Tyrone Allen II Announces New Album ‘UPWARD’

Known for his work with Sullivan Fortner, Nicole Glover, Miki Yamanaka Quartet, Wendy Eisenberg, Joy Guidry, Allen’s debut comes with music cross-genre experience

Tyrone Allen II Announces New Album ‘UPWARD’

Known for his work with Sullivan Fortner, Nicole Glover, Miki Yamanaka Quartet, Wendy Eisenberg, Joy Guidry, Allen’s debut comes with music cross-genre experience

Tyrone Allen II’s emergence as one of the New York jazz scene’s most indispensable bassists didn’t happen with a bunch of fanfare. It happened through a steady accumulation of trust, depth, and range. In the last several years, Allen has become a go-to voice on both upright and electric bass for artists exploring the continuum of Black American music and beyond—whether playing in the trio of acclaimed pianist Sullivan Fortner, anchoring Nicole Glover’s rhythmically muscular ensemble, shaping the bottom line of the Miki Yamanaka Quartet, or stepping into the conceptual frameworks of Kazemde George, Wendy Eisenberg, Joy Guidry, and others who push the envelope of modern jazz expression.

With UPWARD, Allen takes a bold, deeply personal step into the foreground. Released on his own Dreams and Fears imprint, the album introduces Allen not just as a bassist but as a producer, composer, and ensemble architect. It’s a work born out of introspection and crafted with the patience of someone who prefers long arcs over quick impact.

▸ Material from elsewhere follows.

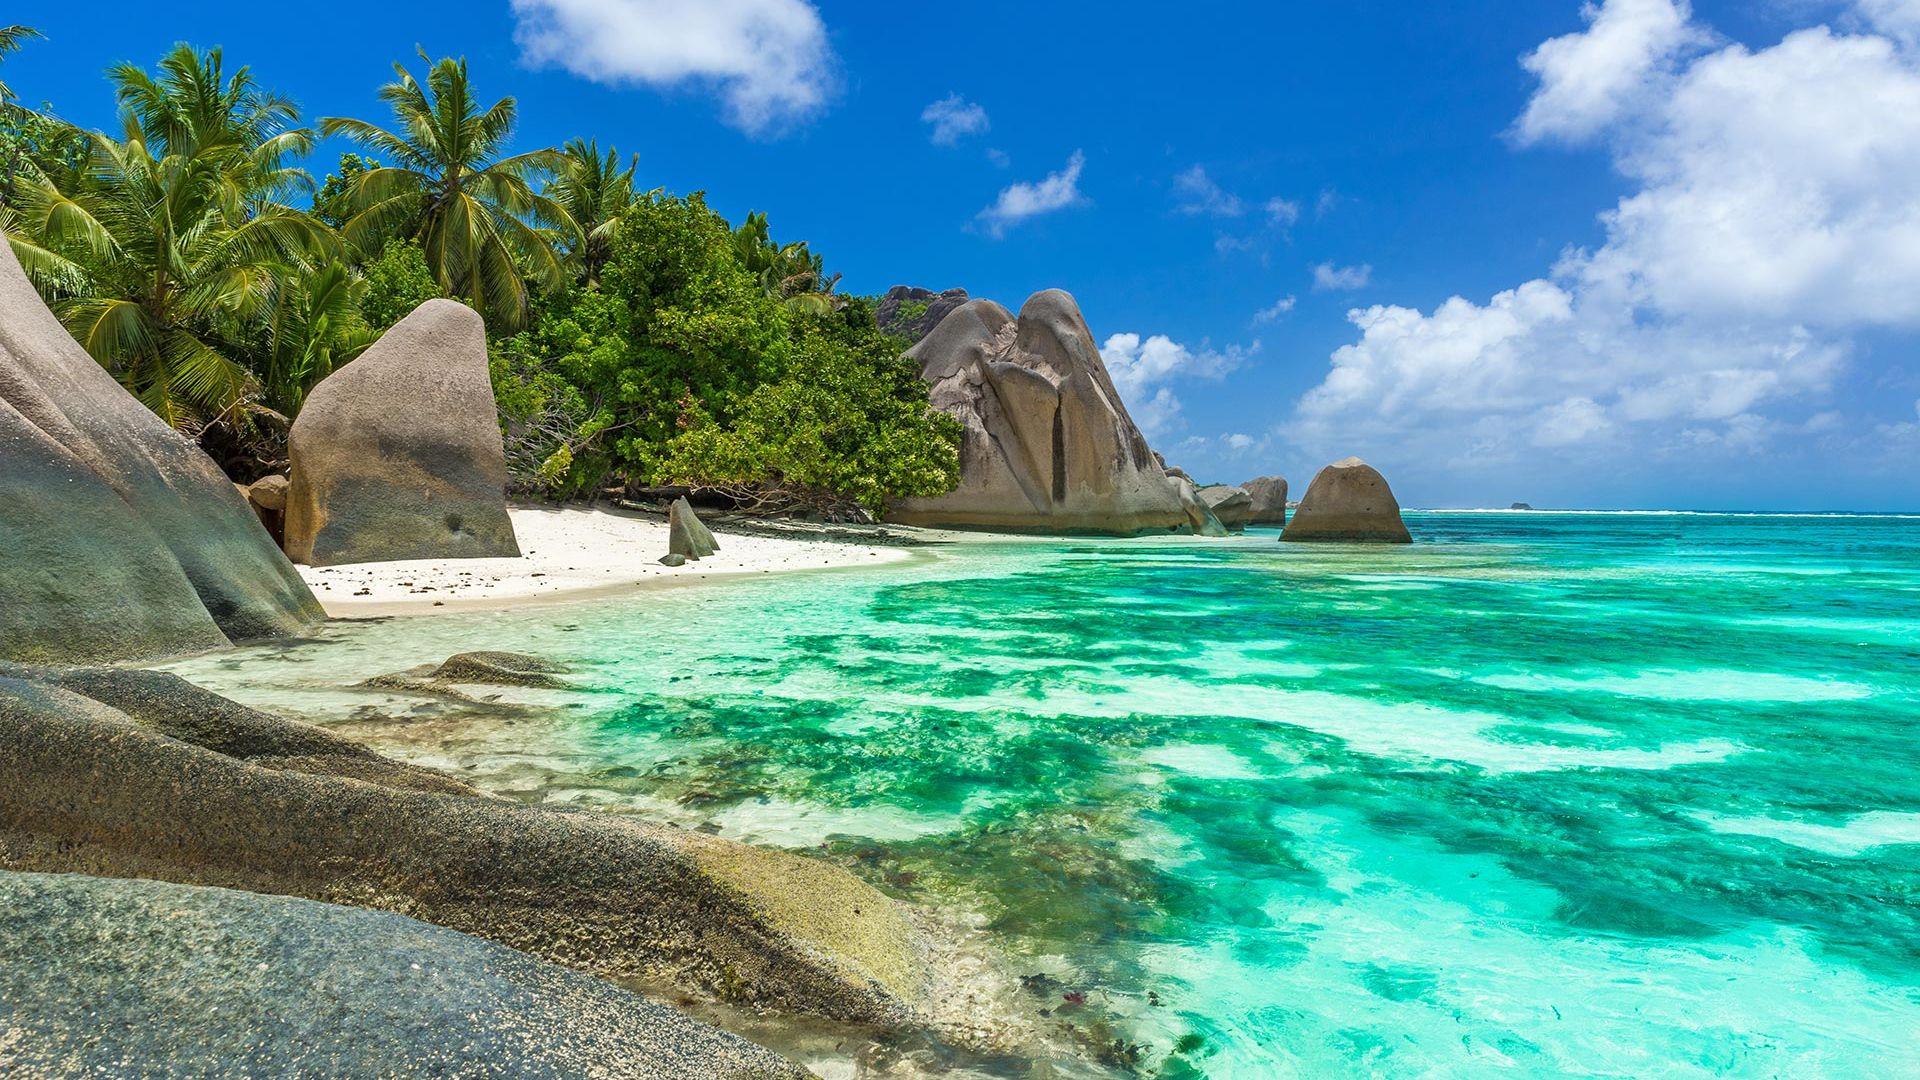 Sejur plaja Mahe & Praslin, Seychelles, 10 zile - august 2021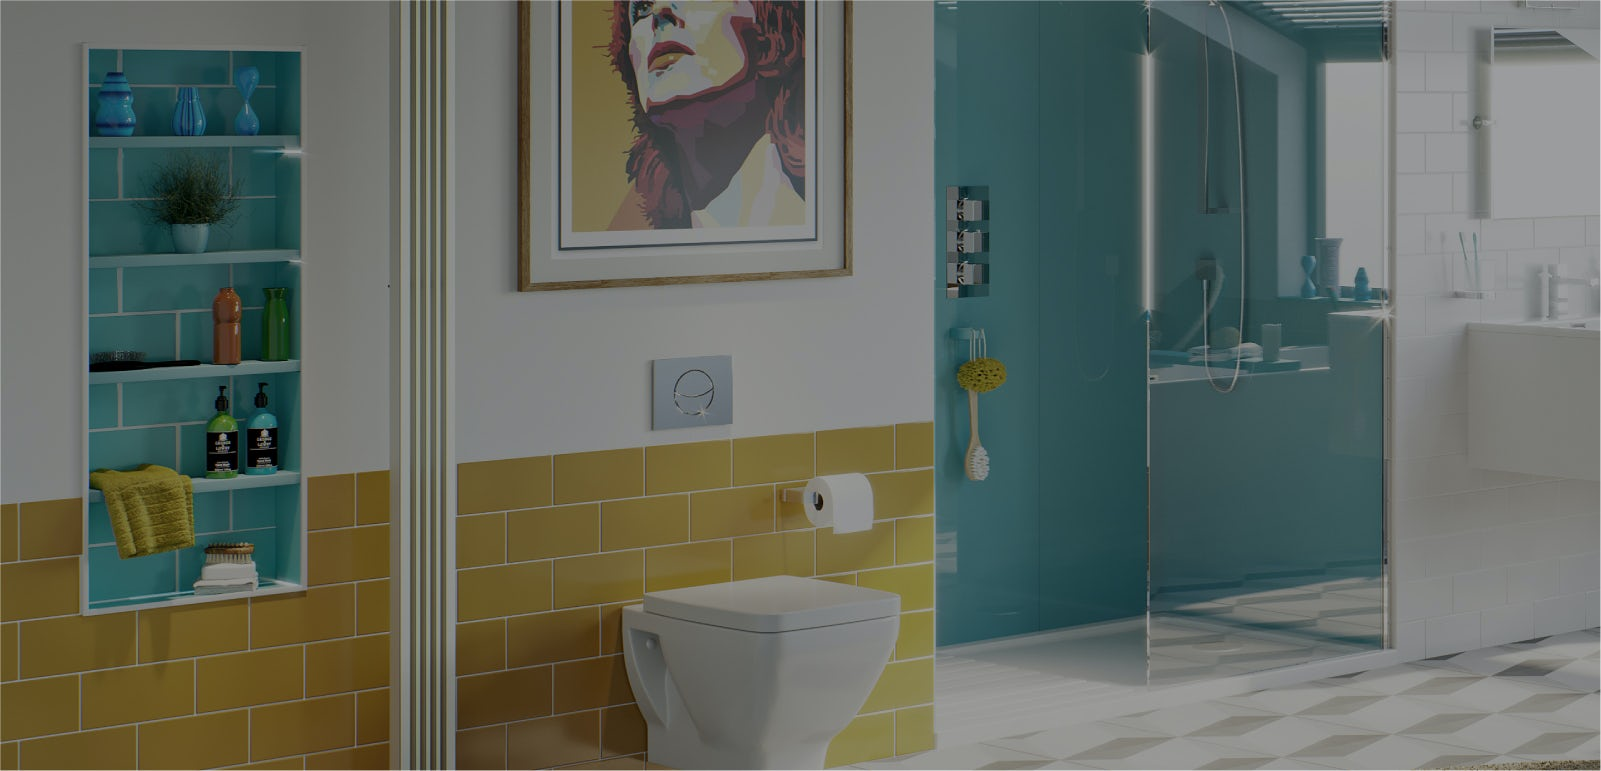 Bathroom ideas: New Retro part 2

Allen, whose father was an amateur electric bassist, grew up in Temple Hills, Maryland, a community in Prince George’s County where music education and church performance were foundational. Allen’s first structured music experience came via recorder lessons at age three, later followed by stints on piano, saxophone, and guitar, before he ultimately arrived home to the bass.

Though formal music programs weren’t available in his early schooling, Allen began upright bass in high school at the urging of a jazz band director who insisted he study both electric and acoustic. He joined the school orchestra, dove into jazz repertoire, and later connected with Paul Carr, the DMV jazz legend whose mentorship pipeline has produced generations of serious players. A scholarship to Carr’s Jazz Academy followed, which in turn opened the door to the Eastman School of Music’s summer program, then undergraduate study there.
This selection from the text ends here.